Some of the older items in this list are not getting much attention. That's a shame. The list is ordered (oldest first) the way it is on purpose.
https://review.openstack.org/#/c/546660/ Purge comp_node and res_prvdr records during deletion of cells/hosts
https://review.openstack.org/#/q/topic:bp/placement-osc-plugin-rocky A huge pile of improvements to osc-placement
https://review.openstack.org/#/c/527791/ Get resource provider by uuid or name (osc-placement)

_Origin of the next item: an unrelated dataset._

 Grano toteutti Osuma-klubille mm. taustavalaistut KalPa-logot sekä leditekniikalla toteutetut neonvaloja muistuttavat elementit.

https://review.openstack.org/#/c/477478/ placement: Make API history doc more consistent
https://review.openstack.org/#/c/556669/ Handle agg generation conflict in report client
https://review.openstack.org/#/c/537614/ Add unit test for non-placement resize
https://review.openstack.org/#/c/493865/ cover migration cases with functional tests
https://review.openstack.org/#/q/topic:bug/1732731 Bug fixes for sharing resource providers
https://review.openstack.org/#/c/535517/ Move refresh time from report client to prov tree
https://review.openstack.org/#/c/561770/ PCPU resource class
https://review.openstack.org/#/c/566166/ rework how we pass candidate request information
https://review.openstack.org/#/c/564876/ add root parent NULL online migration
https://review.openstack.org/#/q/topic:bp/bandwidth-resource-provider add resource_requests field to RequestSpec
https://review.openstack.org/#/c/575127/ replace deprecated accept.best_match
https://review.openstack.org/#/c/575222/ Don't heal allocations for deleted servers
https://review.openstack.org/#/c/575237/ Ignore UserWarning for scope checks during test runs
https://review.openstack.org/#/c/568965/ Enforce placement minimum in nova.cmd.status
https://review.openstack.org/#/c/560107/ normalize_name helper (in os-traits)

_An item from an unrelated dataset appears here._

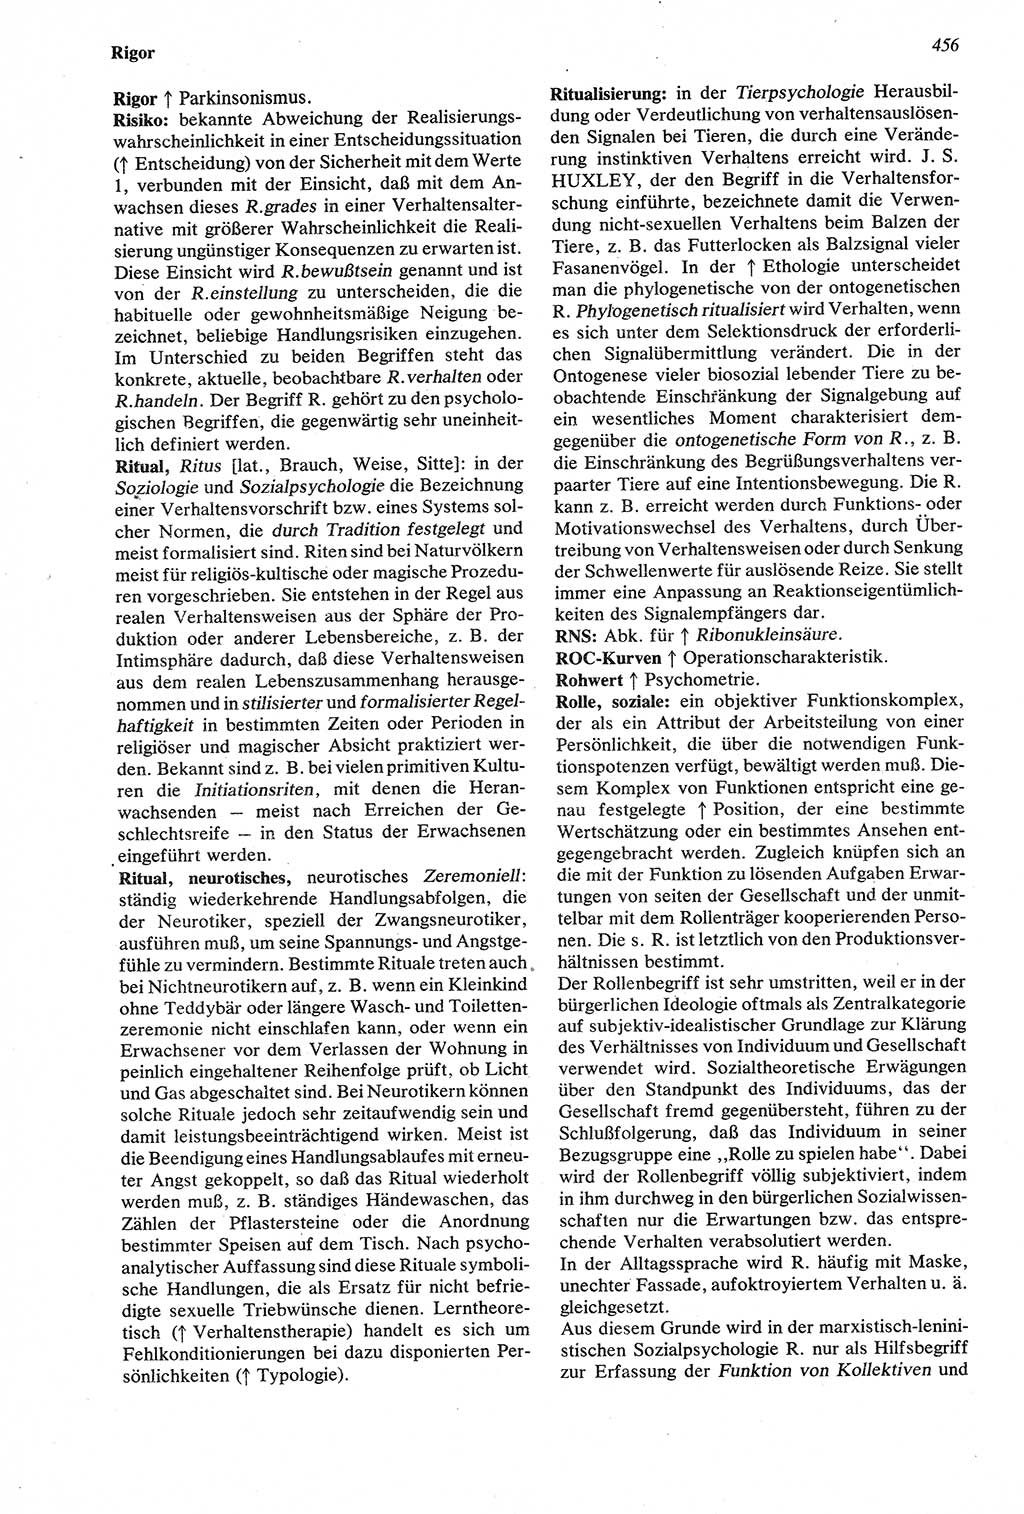 Wörterbuch der Psychologie [Deutsche Demokratische Republik (DDR)] 1976, Seite 456 (Wb. Psych. DDR 1976, S. 456)

https://review.openstack.org/#/c/573475/ Fix nits in nested provider allocation candidates(2)
https://review.openstack.org/#/c/538498/ Convert driver supported capabilities to compute node provider traits
https://review.openstack.org/#/c/568639/ Use placement.inventory.inuse in report client
https://review.openstack.org/#/c/517921/ ironic: Report resources as reserved when needed
https://review.openstack.org/#/c/568713/ Test for multiple limit/group_policy qparams
Yow. That was long. Thanks for reading. Review some code please.